Ich sag mal wieder...

Aha, Oho. "Ihren kritischen Blick auf die Welt zu fördern, ist genauso unsere Aufgabe wie die Unterstützung der großen Häuser." Ich bin einfach so verliebt in diese Welt der kritischen Blicke. An den Laternen und Schaufenstern streifen sie vorbei und betäuben sich im goldenen Gulli der Selbsterklärung. Ich habe eine Kritik-Definition für unsere Welt im Gepäck: "Kritik heißt dem Anderen helfen seine strategischen Ziele besser umsetzen zu können." Was ich unter Kritik verstehe, nennen die meisten schlicht Störung.

Mehr Geld für Freie

So sieht das Land offiziell die Erhöhung. Genaueres kann man der Pressemeldung entnehmen. Das ist grundsätzlich naturgemäß eine tolle Sache, aber wenn man genauer hinschaut, ist es reine "Spitzenförderung". Da, wo etwas ist, kommt etwas hinzu. Dieses Vorgehen gibt es seit Jahrtausenden. Offenbar konnte sich nur Jesus leisten, Mittel an die Bedürftigen gerecht zu verteilen. Aber die Politiker sind ja keine Wohltäter, sondern Vollstrecker der Vorgaben von Lobbies. Man will offenbar die sogenannten Freien in die Institutionen drängen. Da kann man den Überblick behalten.

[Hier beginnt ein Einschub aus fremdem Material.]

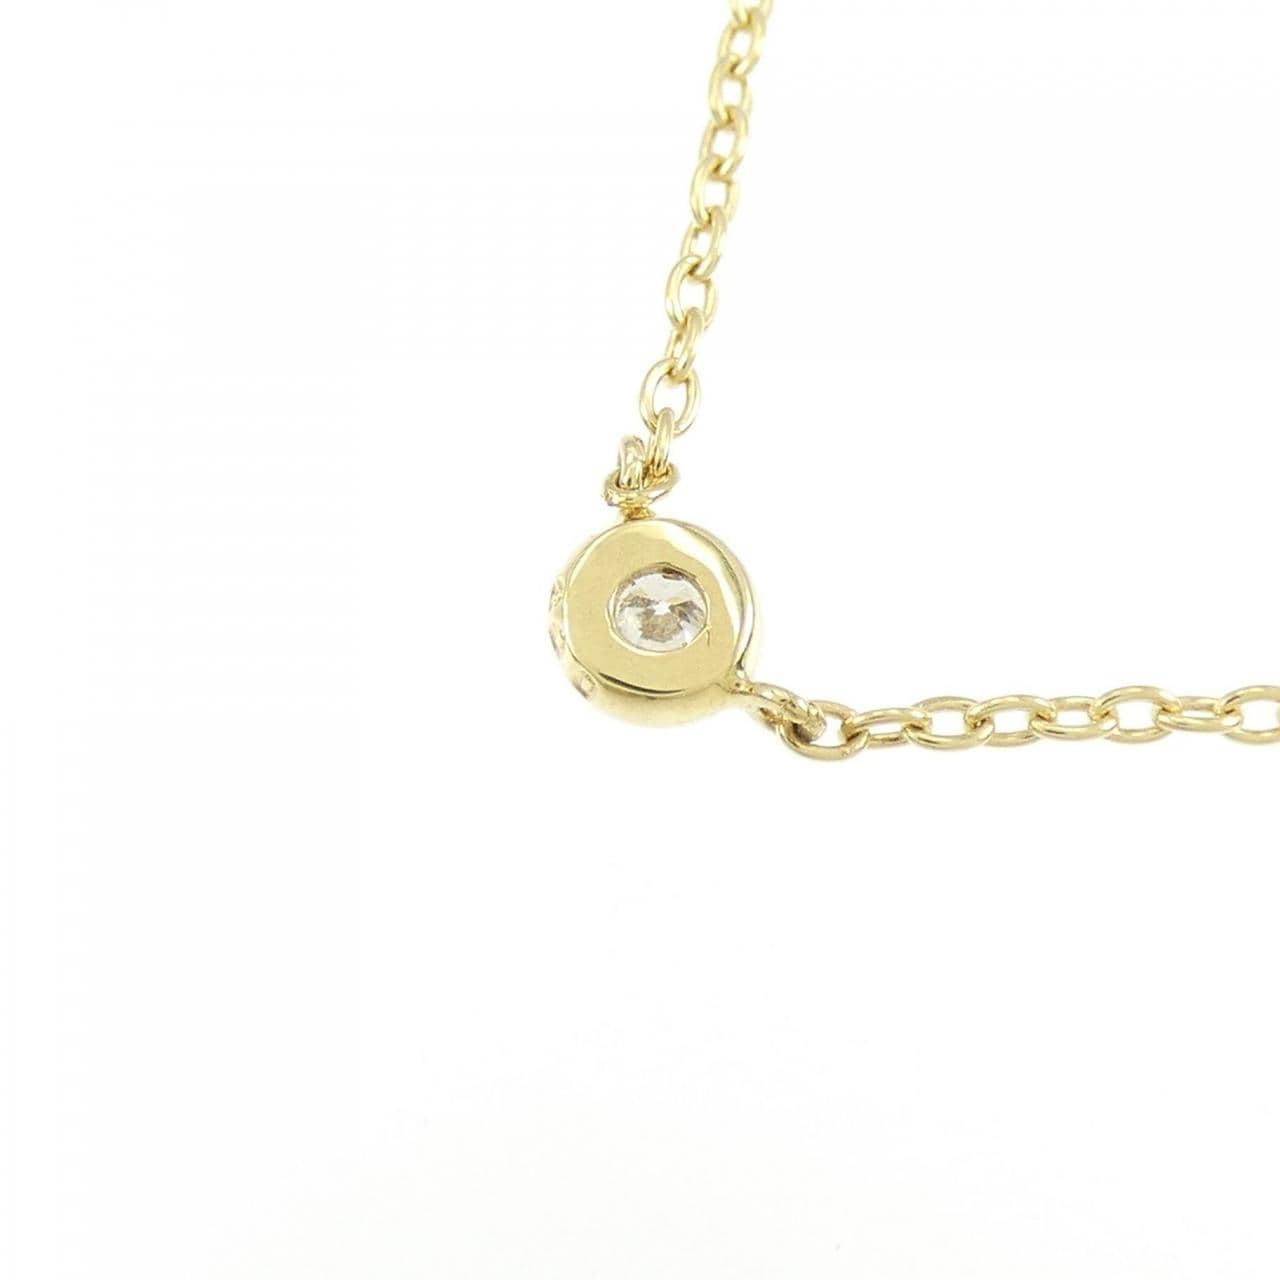 K18YG Solitaire Diamond Necklace 0.03CT

Nur - die Institutionen haben deswegen nicht mehr Raum und Zeit. Es gibt immer nur ein paar Nutznießer aus der freien Wildbahn. Die Wildbahn selbst wird keineswegs besser unterstützt. Wer ohne Haus ist, der möge betteln gehen. Der Mensch (Künstler) ist nur etwas wert, wenn er sich mit einer Immobilie vermählt. Die Off-Szene wird nicht vielseitiger, einfallsreicher, innovativer. Im Gegenteil. Es bleibt eine Liga ohne Auf- und Abstiegskämpfe.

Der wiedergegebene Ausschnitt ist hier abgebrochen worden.